I'm getting some file paths, and they are of the format:

longfilepath/name.action.gz

so basically there will be files with the same name but diffent actions, so I want to make a hash with keys of name that are arrays of actions. I'm apparently doing something wrong as I keep getting this error when I run the code:

Not an ARRAY reference at ....the file I'm writing in

Which I don't get since I'm checking to see if its set, and if not declaring it as an array. I'm still getting used to perl, so I'm guessing my problem is something simple.

I should also say, that I've verified my regex is generating both the 'name' and 'action' strings properly so the problem is definitely in my foreach;

Thanks for your help. :)

My code is thus.

my %my_hash;
my $file_paths = glom("/this/is/mypath/*.*\.gz"); 
foreach my $path (@$bdr_paths){

    $path =~ m"\/([^\/\.]+)\.([^\.]+)\.gz";

    print STDERR "=>".Dumper($1)."\n\r";
    print STDERR "=>".Dumper($2)."\n\r";

    #add the entity type to a hash with the recipe as the key
    if($my_hash{$1})
    {
        push($my_hash{$1}, $2);
    }
    else
    {
        $my_hash{$1} = ($2);
    }

}

2 Answers 2

2

It’s glob, not glom. In glob expressions, the period is no metacharacter. → glob '/this/is/mypath/*.gz'.

The whole reason of using alternate regex delimiters is to avoid unneccessary escapes. The forward slash is no regex metacharacter, but a delimiter. Inside charclasses, many operators loose their specialness; no need to escape the period.

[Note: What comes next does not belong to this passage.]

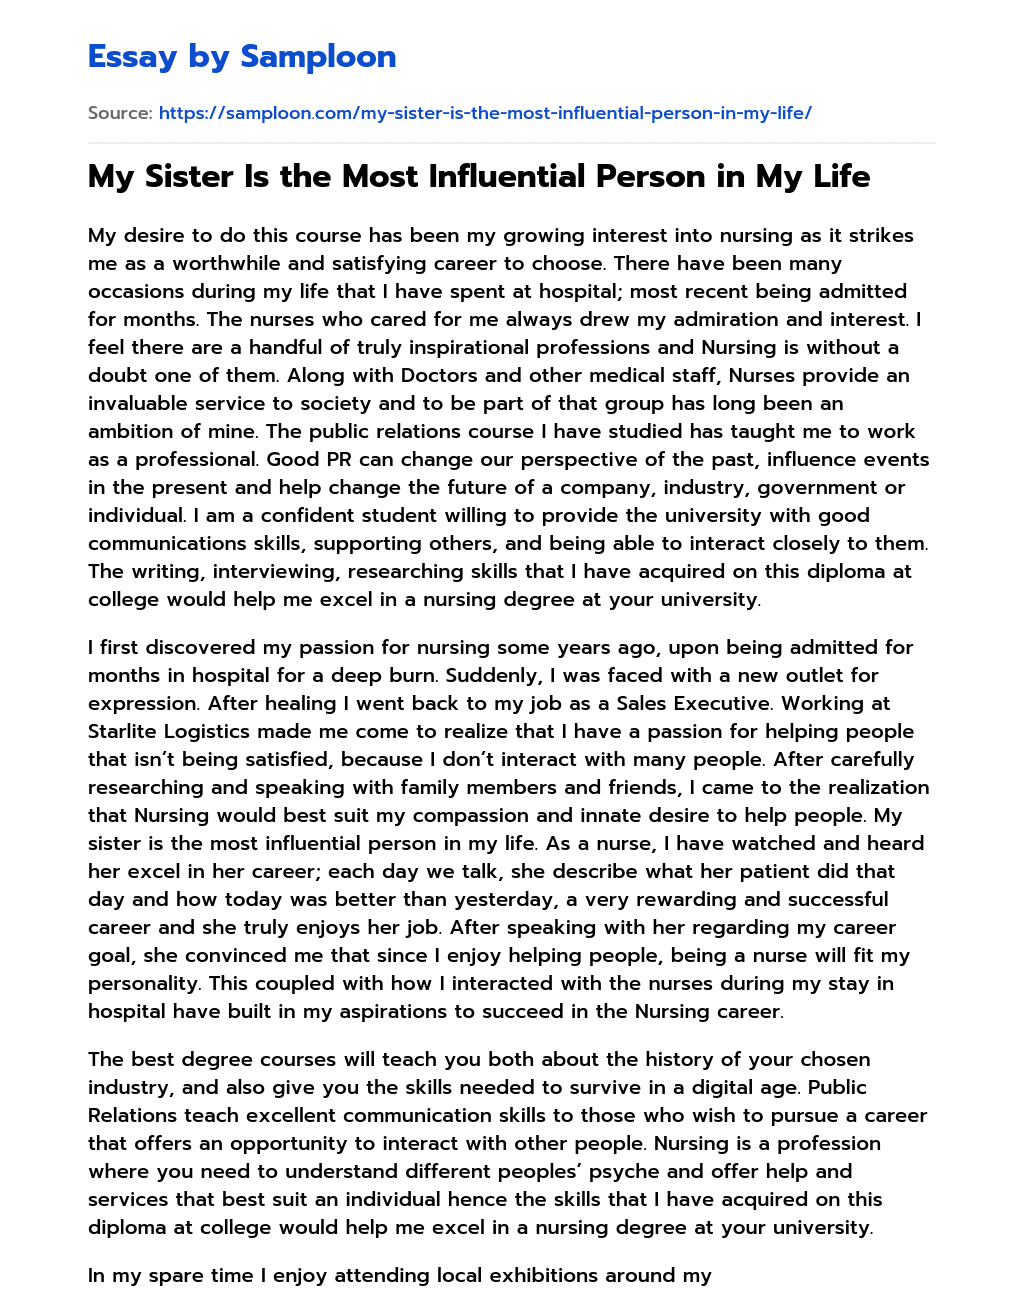 My Sister Is the Most Influential Person in My Life essay

Ergo m!/([^/.]+)\.([^.]+)\.gz!.

Don't append \n\r to your output. ① The Dumper function already appends a newline. ② If you are on a OS that expects a CRLF, then use the :crlf PerlIO layer, which transforms all \ns to a CRLF. You can add layers via binmode STDOUT, ':crlf'. ③ If you are doing networking, it might be better to specify the exact bytes you want to emit, e.g. \x0A\x0D or \012\015. (But in this case, also remove all PerlIO layers).

Using references as first arg to push doesn't work on perls older than v5.14.

Don't manually check whether you populated a slot in your hash or not; if it is undef and used as an arrayref, an array reference is automatically created there. This is known as autovivification. Of course, this requires you to perform this dereference (and skip the short form for push).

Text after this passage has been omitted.